Он уехал, и, к нашему изумлению, из Брянска посыпались письма. В коротких письмах он писал обо всем — и ничего о себе, о своей трудной, как угадывалось, жизни. То он обстоятельно писал, какая в Брянске погода. То описывал разговор с кем-нибудь, то своих сослуживцев. Казалось, весь день он вынужден молчать, разговаривать ему не с кем. А вечером берет длинные узкие полосы бумаги, бог весть откуда добытые им в те трудные, нищие годы, и быстро заполняет их своим четким, разборчивым почерком, делясь впечатлениями дня. То посылал рассказ, написан­ный от руки на узком листочке,— помню, как из конверта вывалилась «Конопатчикова».

Году в 30—31-м он снова появился в Ленингра­де, пришел к нам, мы как-то сразу легко разго­ворились с ним, подружились, и он стал часто бывать у нас. Добычин никогда ничего не рас­сказывал ни о себе, ни о своей семье. Случайно мы узнали, что мать его была известной в Двинске акушеркой, практиковавшей в «хороших домах».

Леонид Иванович легко болтал о пустяках, лег­ко молчал, и с ним было просто и непринужден­но. С молодым эгоизмом мы втягивали его в свои интересы. Он охотно входил в нашу жизнь, в наш быт.

К этому времени вышли два сборника его рас­сказов — «Встречи с Лиз» и «Портрет».
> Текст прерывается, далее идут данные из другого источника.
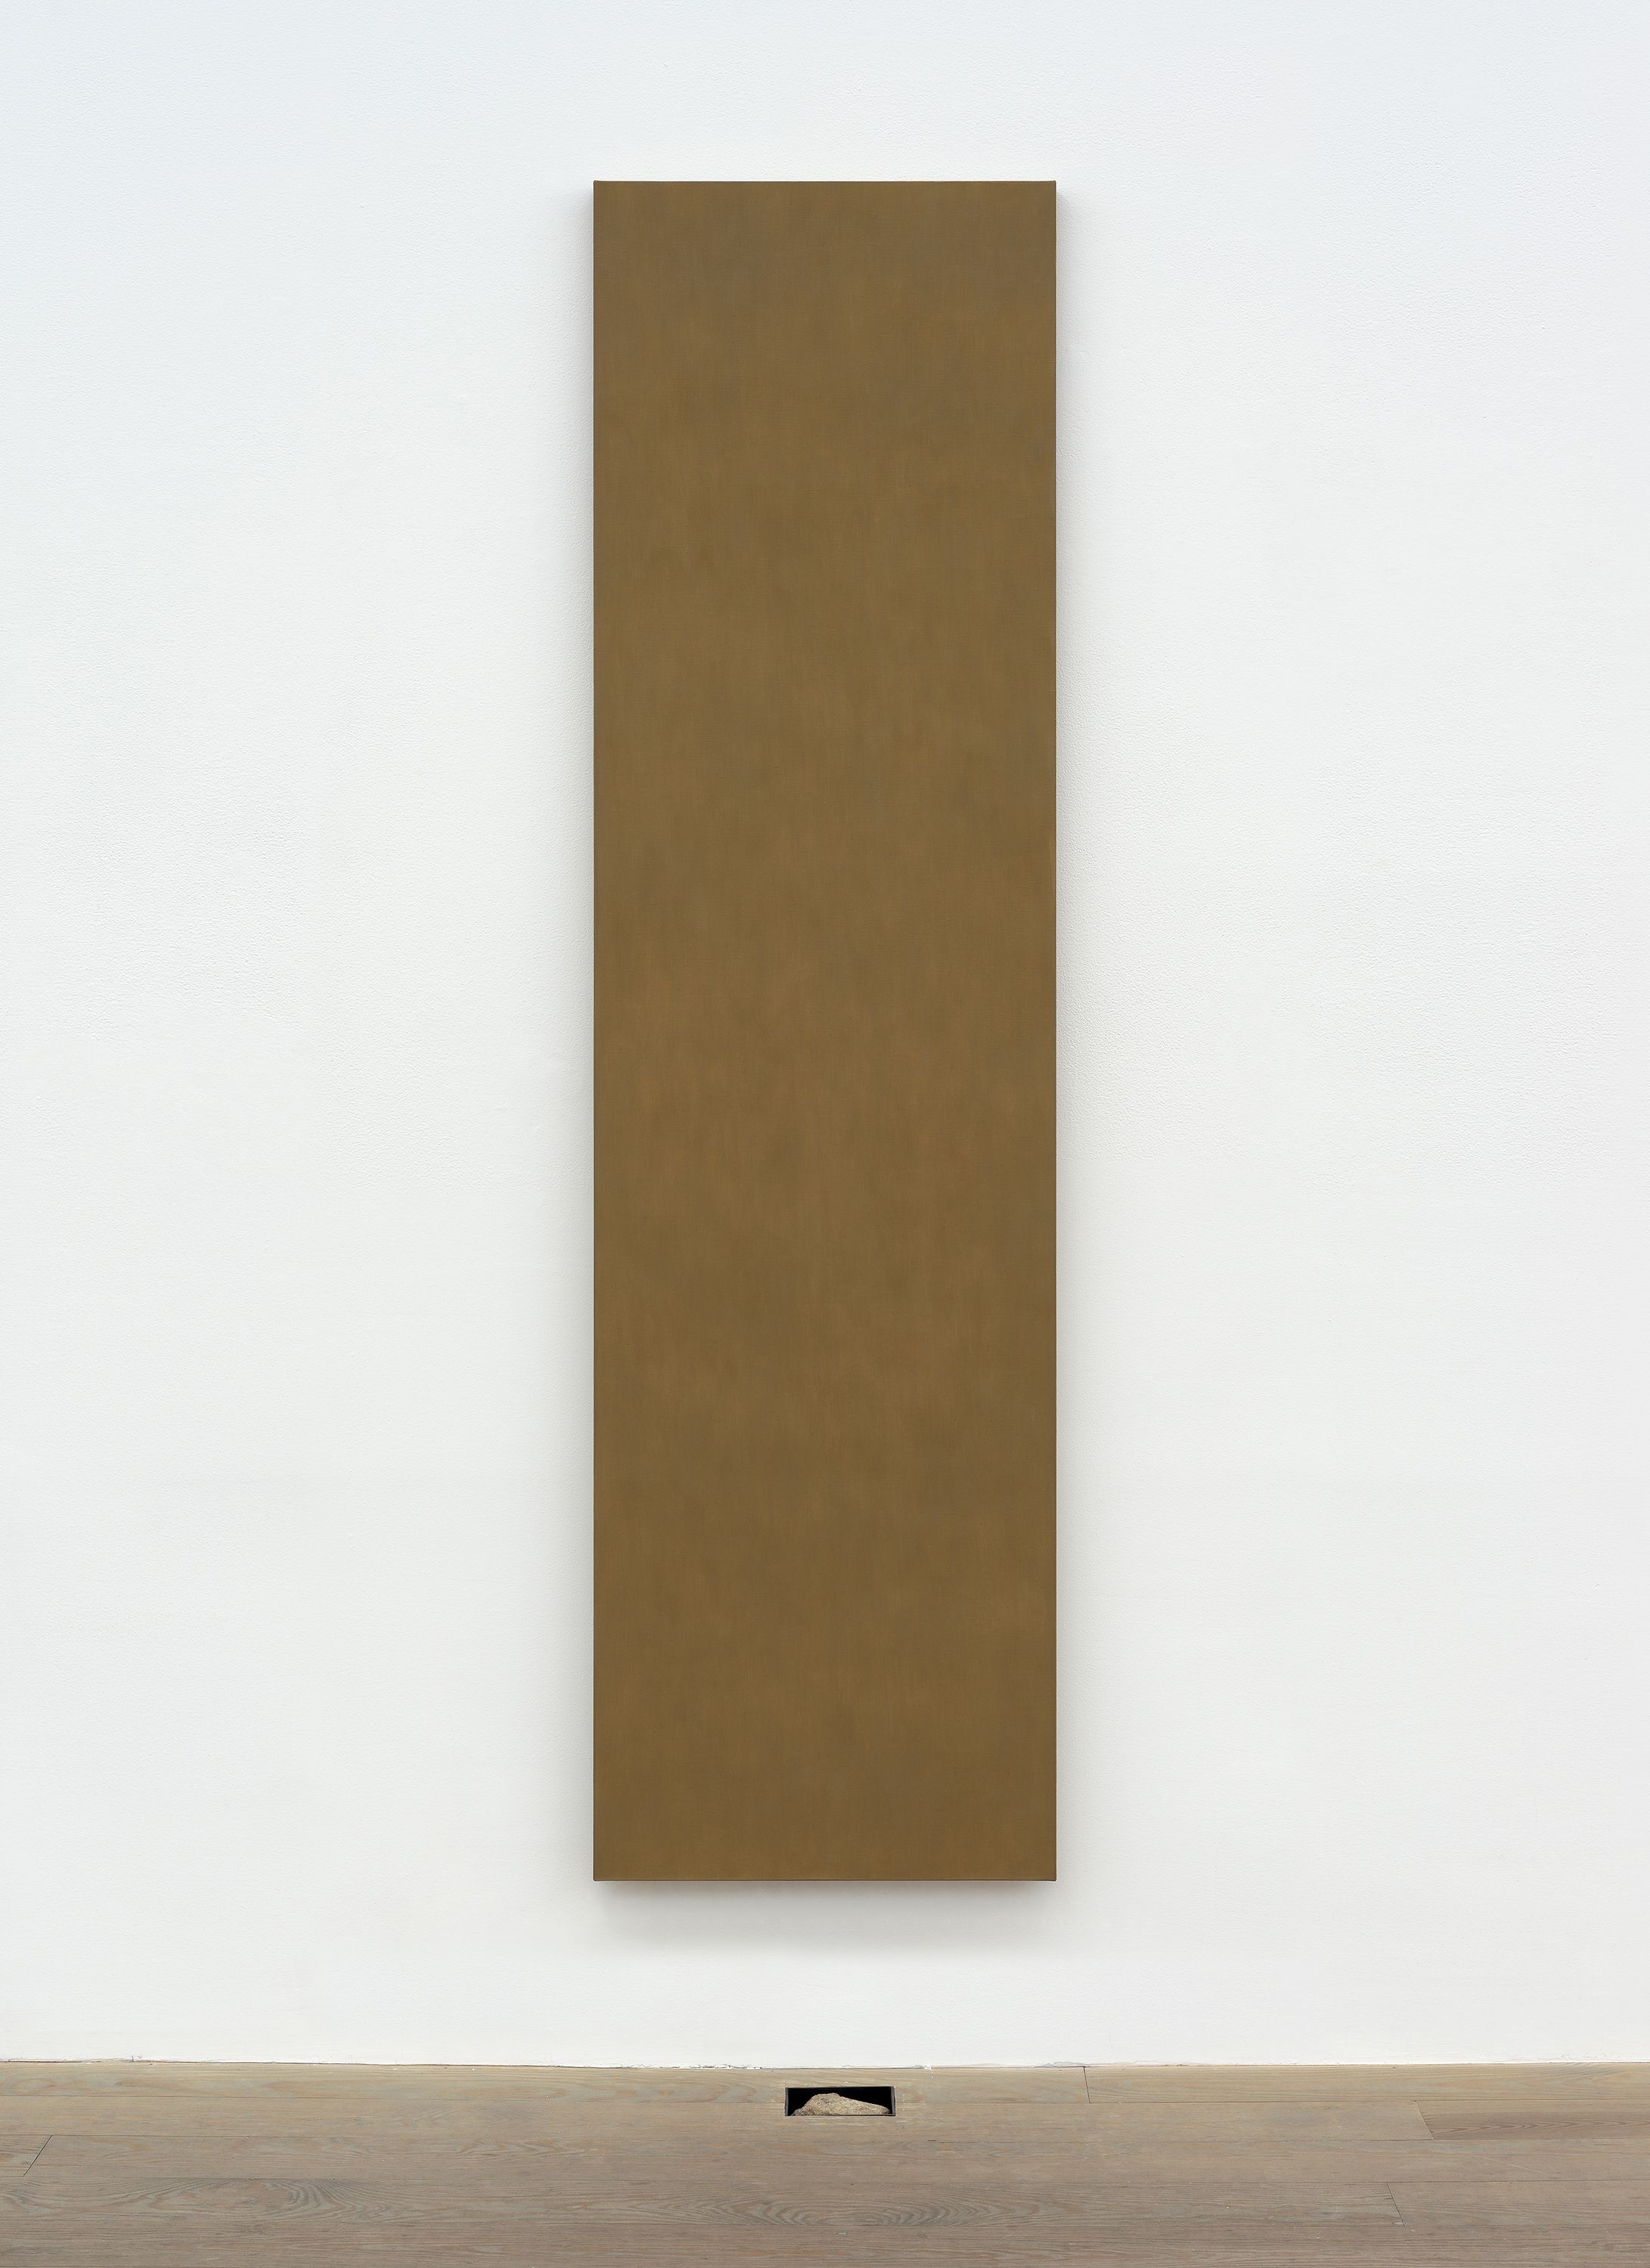 Michael Wang, Barcelona, 2015, Barcelona sandstone, binder, linen, 70 x 19 and 6 x 3 15/16 x 3 3/8 in.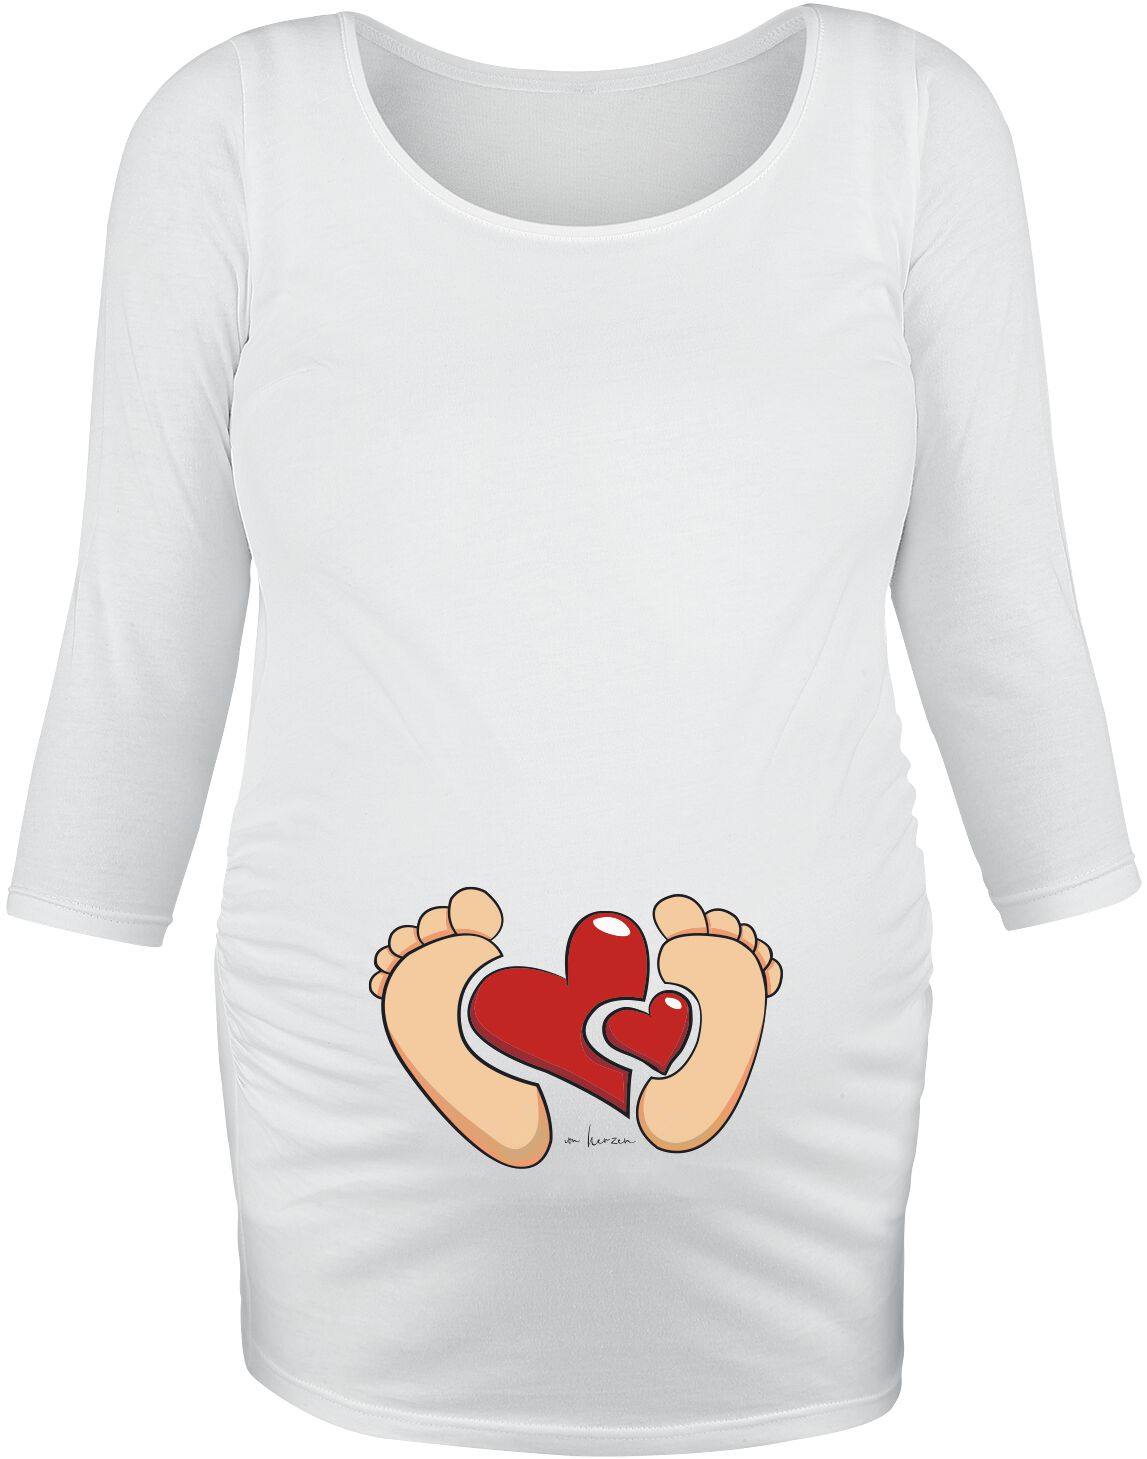 Maternity fashion Heart and Feet Long Sleeve Top Long-sleeve Shirt white

Возможно, крошечные рассказики эти пока­жутся поначалу однообразными. Ведь даже фон, на котором происходит действие, один и тот же почти во всех рассказиках. Городская площадь, скверик с памятником в центре, домишки со ставнями на окнах, сараи... Безрадостен и пей­заж — речка, за речкой пригорок с огородами, черные сучья деревьев. Луна, уныло освещаю­щая эту убогую жизнь. Или пыльная палящая жара.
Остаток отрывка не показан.